Generated by GPT-5-mini| Lickey Incline Working Group | |
|---|---|
| Name | Lickey Incline Working Group |
| Formation | 1970s |
| Type | Volunteer preservation group |
| Location | Worcestershire, England |
| Region served | United Kingdom |
| Leader title | Chair |
Lickey Incline Working Group is a volunteer-led organisation dedicated to the study, documentation, preservation, and public interpretation of the Lickey Incline, the steepest sustained main-line railway gradient in the United Kingdom. The group engages with railway heritage organisations, local authorities, preservation societies, and national archives to conserve physical artefacts, photographic records, and oral histories relating to the incline and associated operations. Its work intersects with broader transport heritage networks and influences regional cultural tourism and industrial archaeology programmes.

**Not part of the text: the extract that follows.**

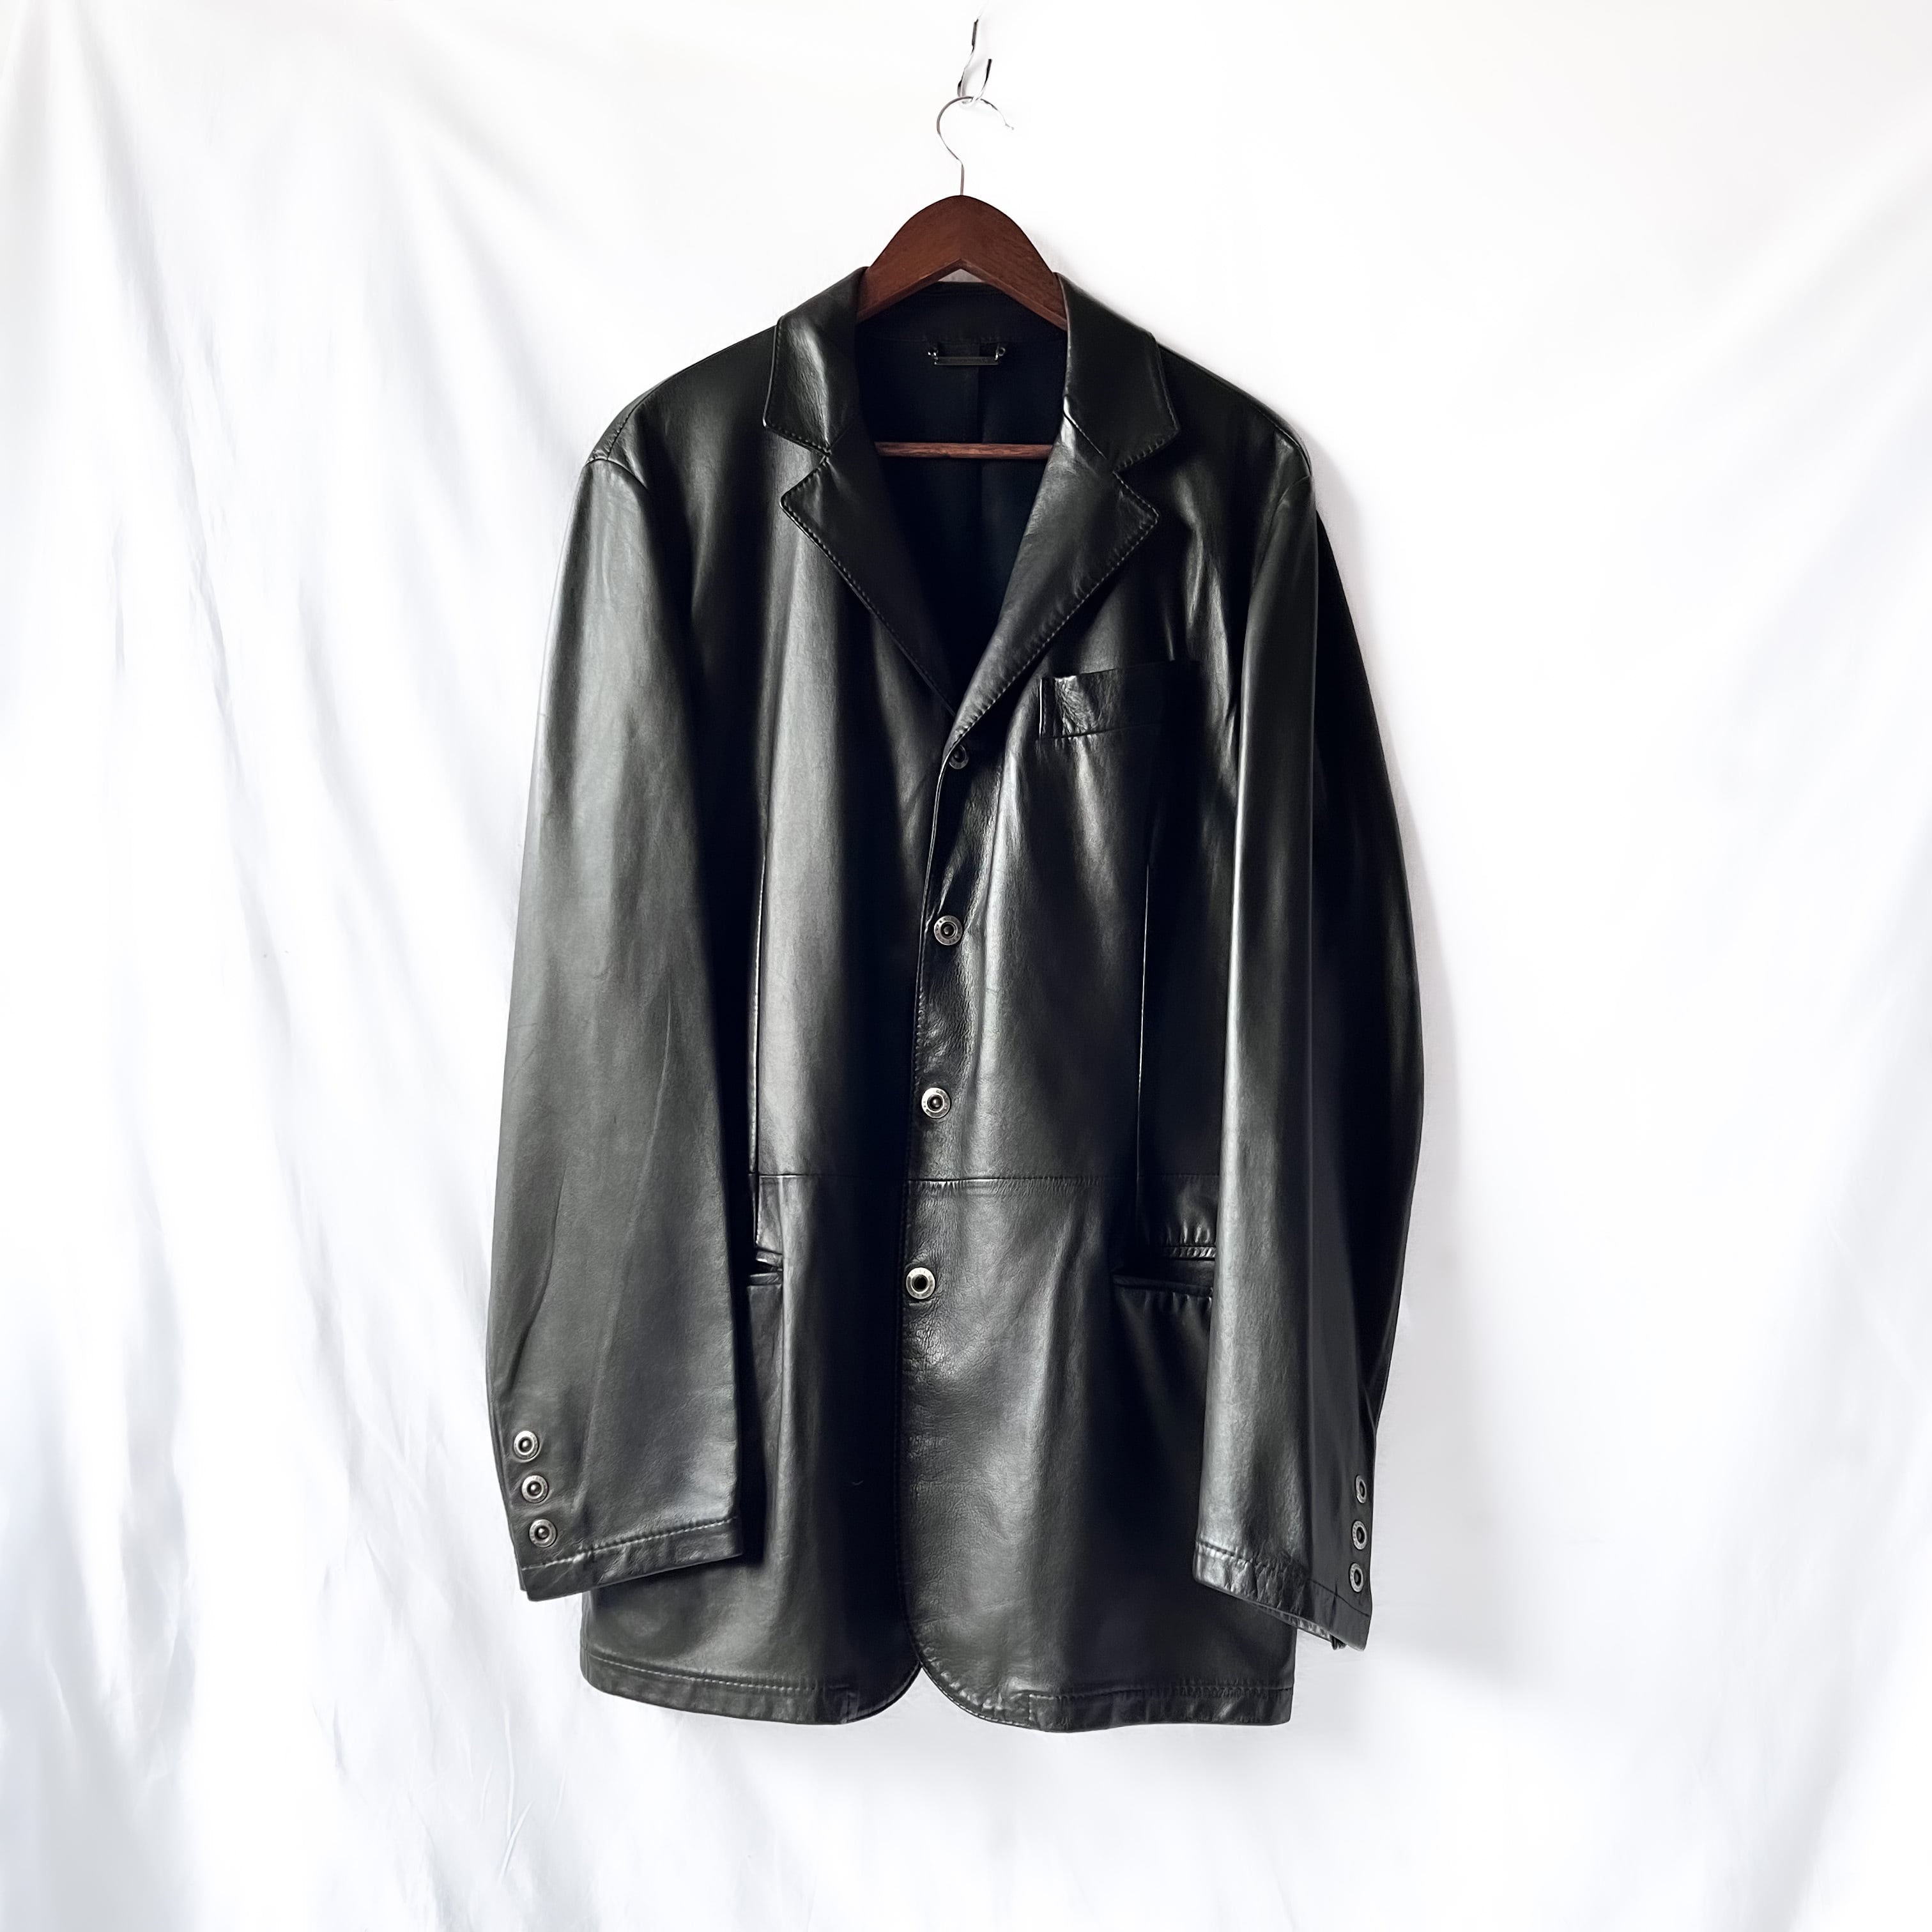 〔最高峰〕Vintage 90s Sheep leather coat

Founded in the late 20th century, the group emerged amid a resurgence of interest in British railway preservation associated with organisations such as the National Railway Museum, Severn Valley Railway, and Bluebell Railway. Early members included former employees of the Great Western Railway and the British Rail regional depots who sought to document operational practices on gradients like the Lickey Incline and incidents linked to the route through Birmingham and Worcester. The group developed links with academic researchers at institutions such as the University of Birmingham and the University of Oxford for studies in industrial archaeology and transport history. Over subsequent decades it collaborated with local councils including Wychavon District Council and heritage trusts including the Heritage Railway Association to stabilise artefacts and secure archival materials.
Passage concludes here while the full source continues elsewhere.